(Source material begins)

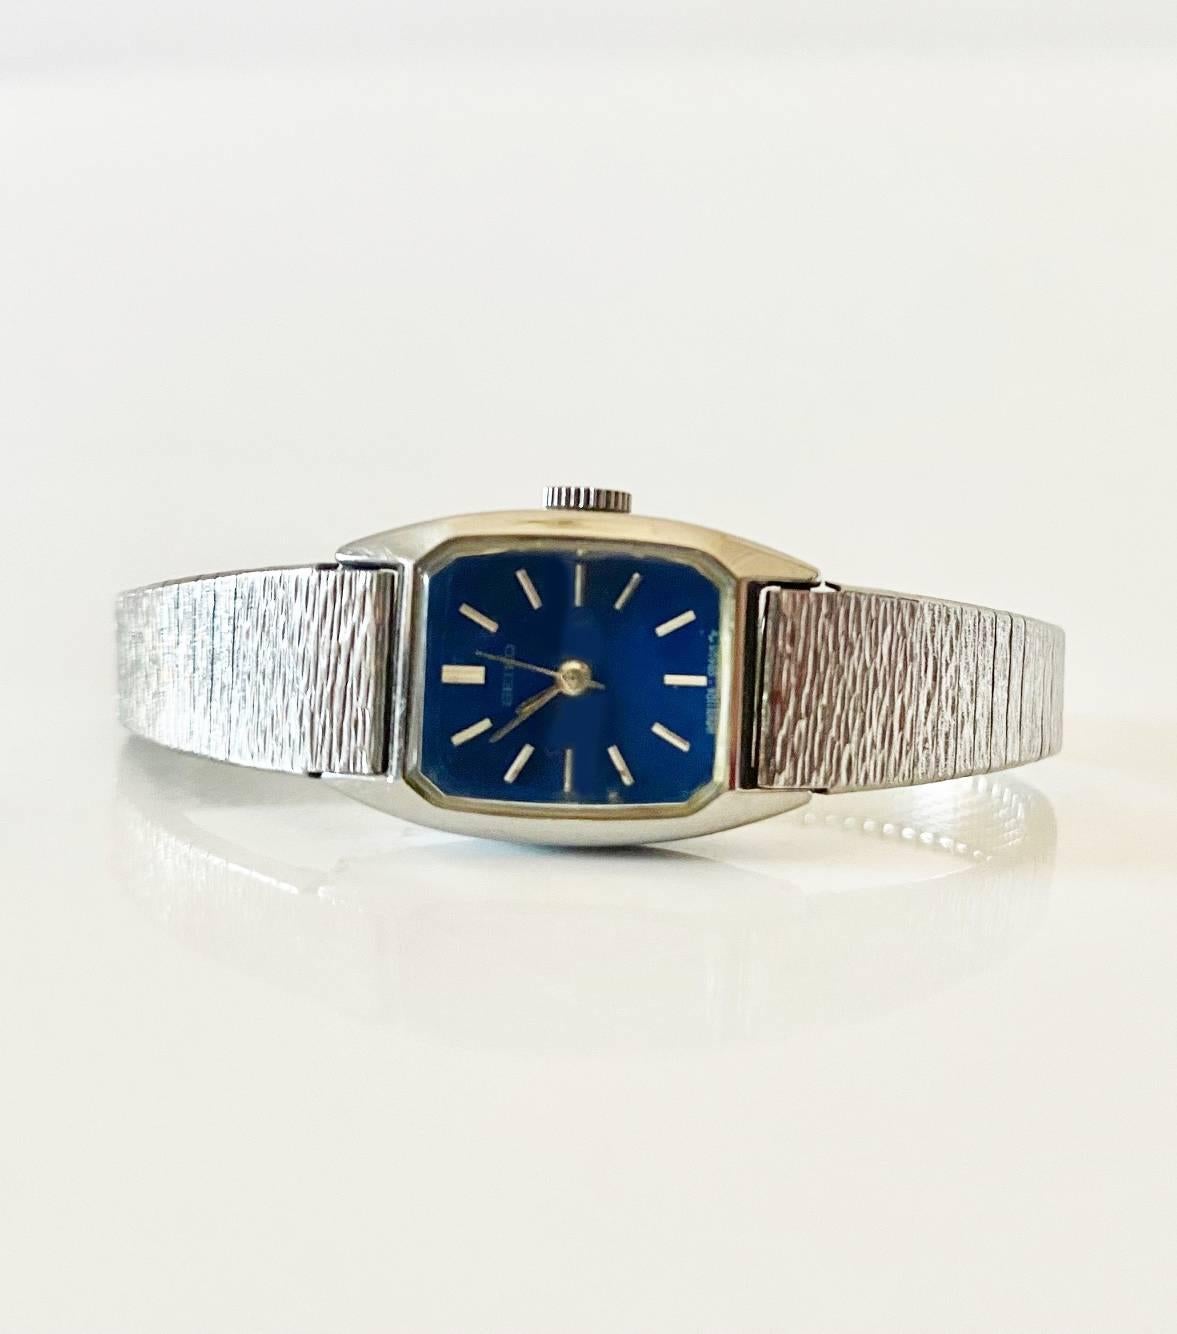 Elegant and iconic, this 1970s Seiko Stainless Steel Jewel Watch with a blue face features a manual movement, analogue display, 12-hour dial, mineral crystal, and a push/pull crown, all crafted with precision and finesse, Made in Japan

Condition:
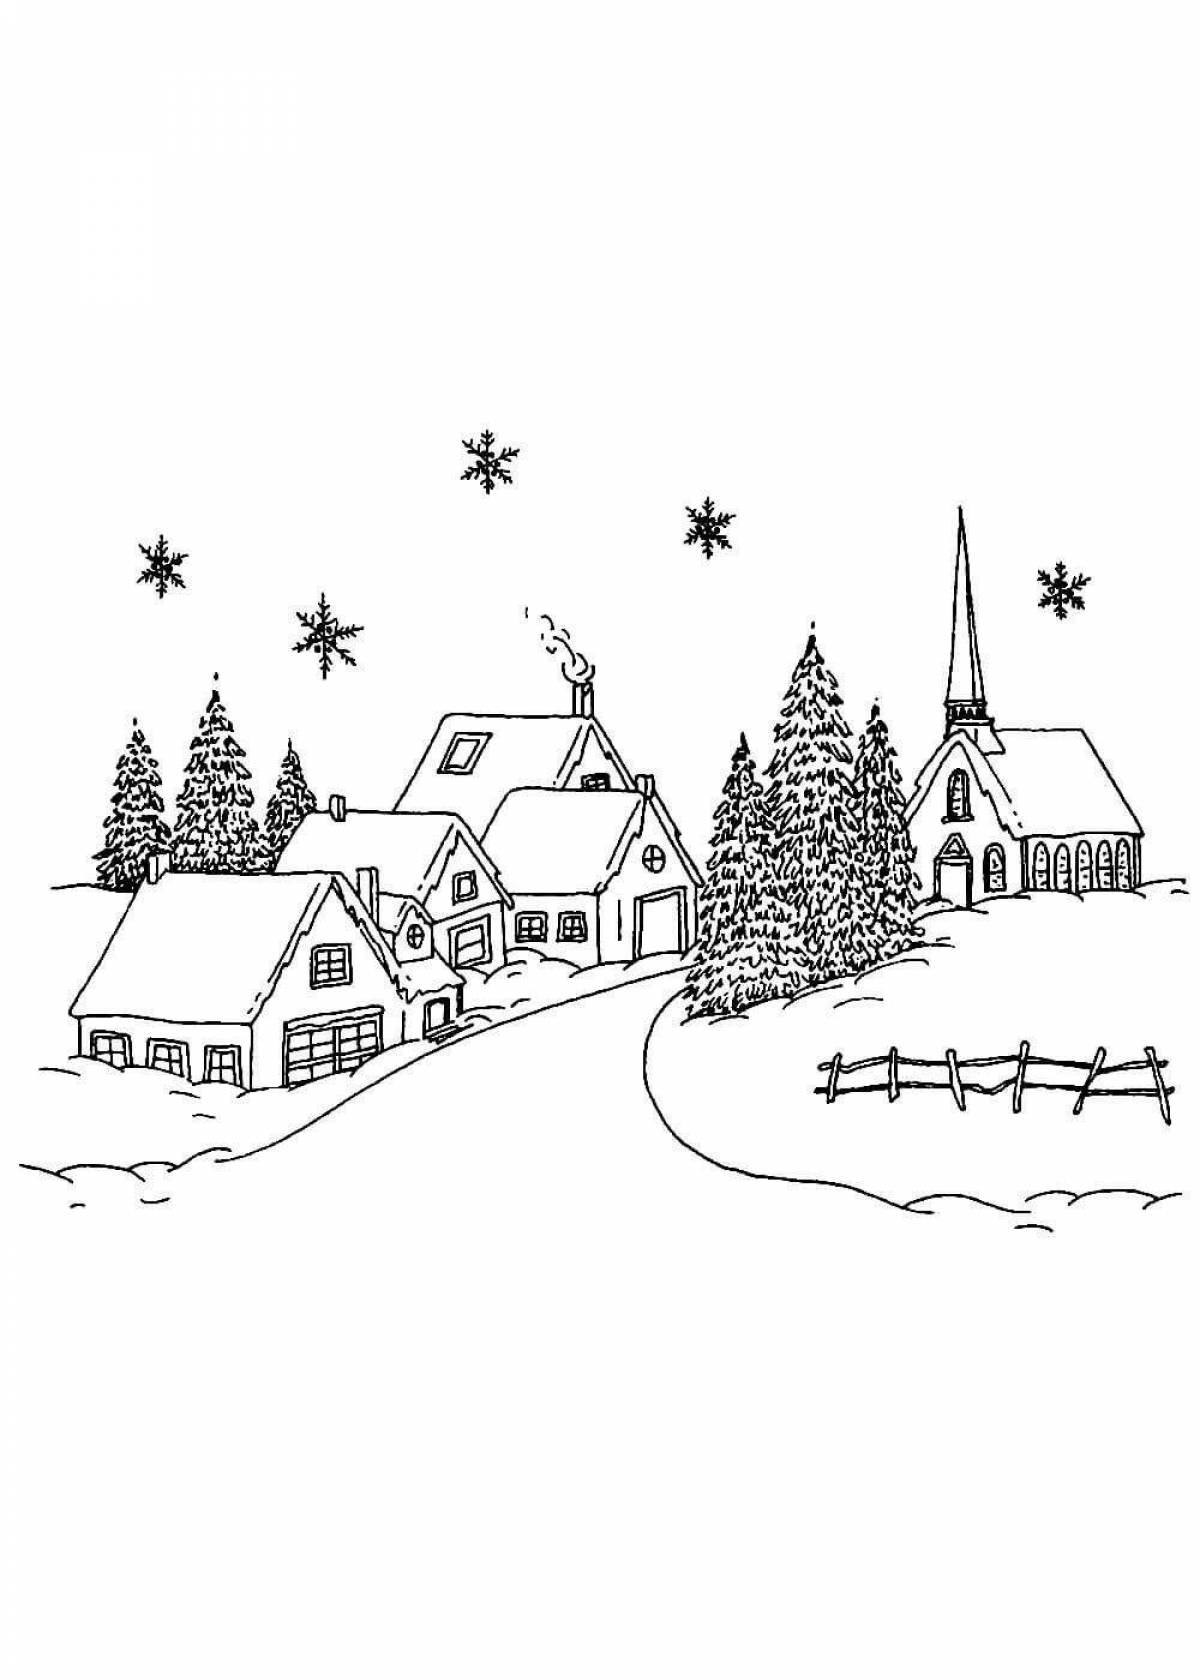 Coloring for a beautiful winter landscape

(Source material ends)

● Instructions to follow:
Give back every line of the material exactly as written, but not the pictures.

● Exercise response:
 Elegant and iconic, this 1970s Seiko Stainless Steel Jewel Watch with a blue face features a manual movement, analogue display, 12-hour dial, mineral crystal, and a push/pull crown, all crafted with precision and finesse, Made in Japan

Condition:
 Coloring for a beautiful winter landscape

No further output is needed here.